The main reason is to mask a reduction in benefit contributions from around 20% to around 5% of salary, and this has been reported several times before.
What the study above says is simply that as companies reduce contributions employees have to make up for it, in other words the switch to define contribution plans masks a large cut in compensation.
Posted by: Blissex | Mar 21, 2006 12:37:35 PM
Of course, employers switching from defined benefit to defined contribution plans are cutting their maximum expenses, but they are cutting their actual expenses even more. I've worked for several employers over the years with 401(k)s. Although the exact terms of the match have varied a bit, they have all matched some portion of the contributions. The best I ever had was a 100% match on the first 4% of my salary I contributed. However, they can be sure that some employees won't take advantage of that match thereby passing up part of their compensation package.

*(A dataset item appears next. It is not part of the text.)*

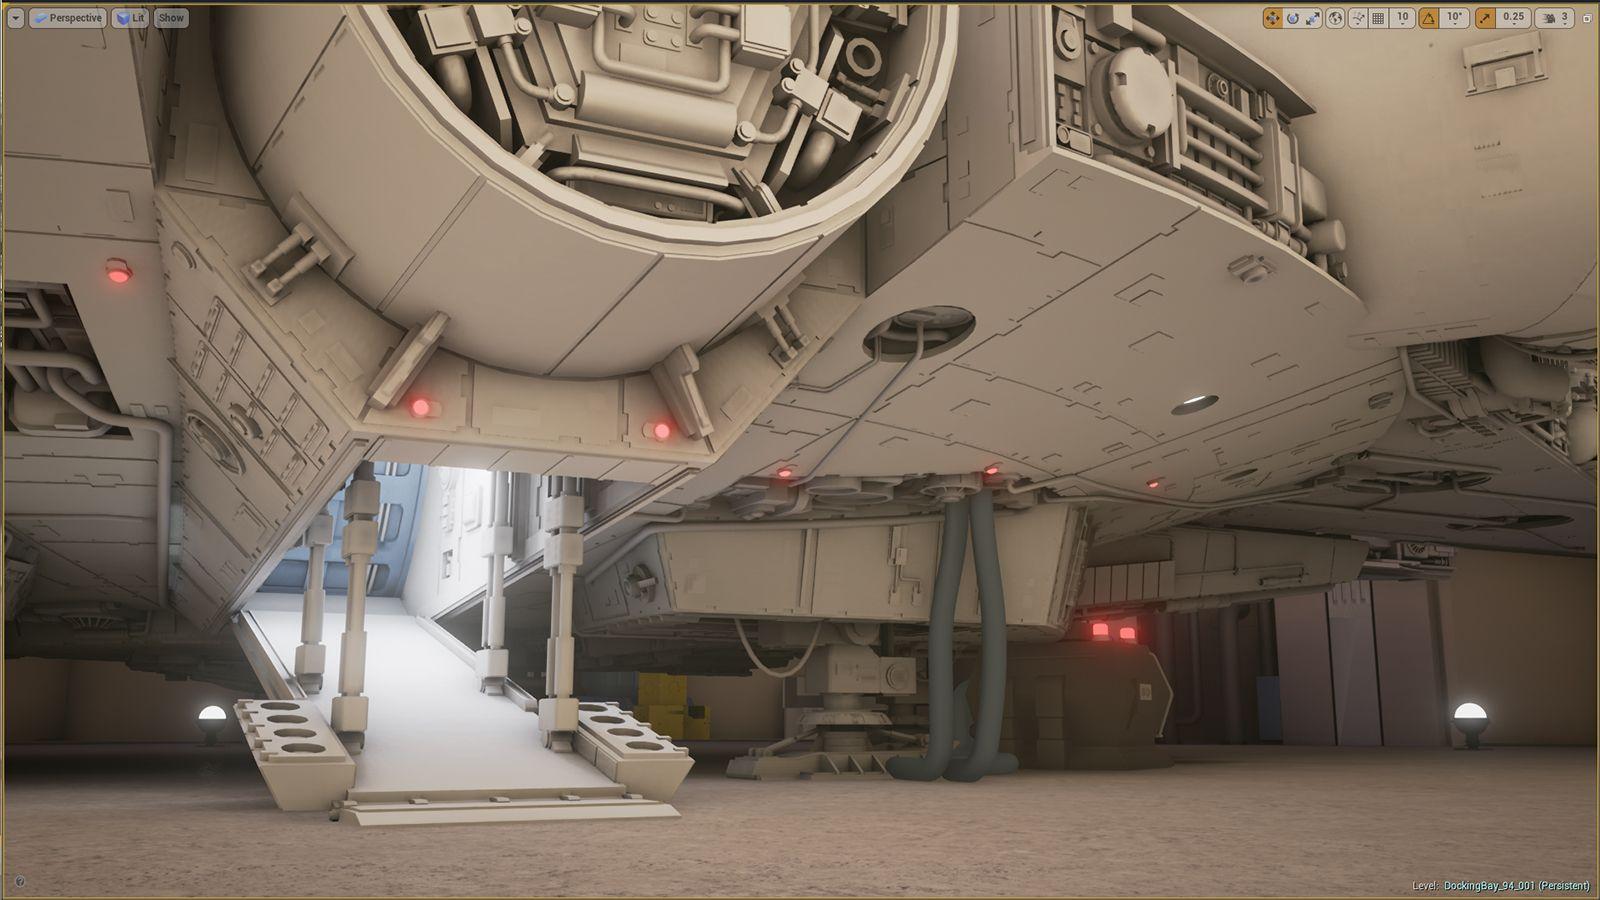 Star Wars Mania: Docking Bay 94 - Polycount Forum

I never pass it up. I've made this recommendation to all of my family and friends: First, contribute to your 401(k) up to the limit of your employer's match. Even if you are only getting a 10% match, it is a guaranteed 10% return on your investment. The only time you get a better return with a guarantee is paying off a high interest loan. That's the second place I tell them to put money. Third is a Roth IRA up to the limit. After that, fill up your 401(k) if you can, but don't forget to put aside some investments and savings outside of retirement accounts that you can tap for expenses along the way.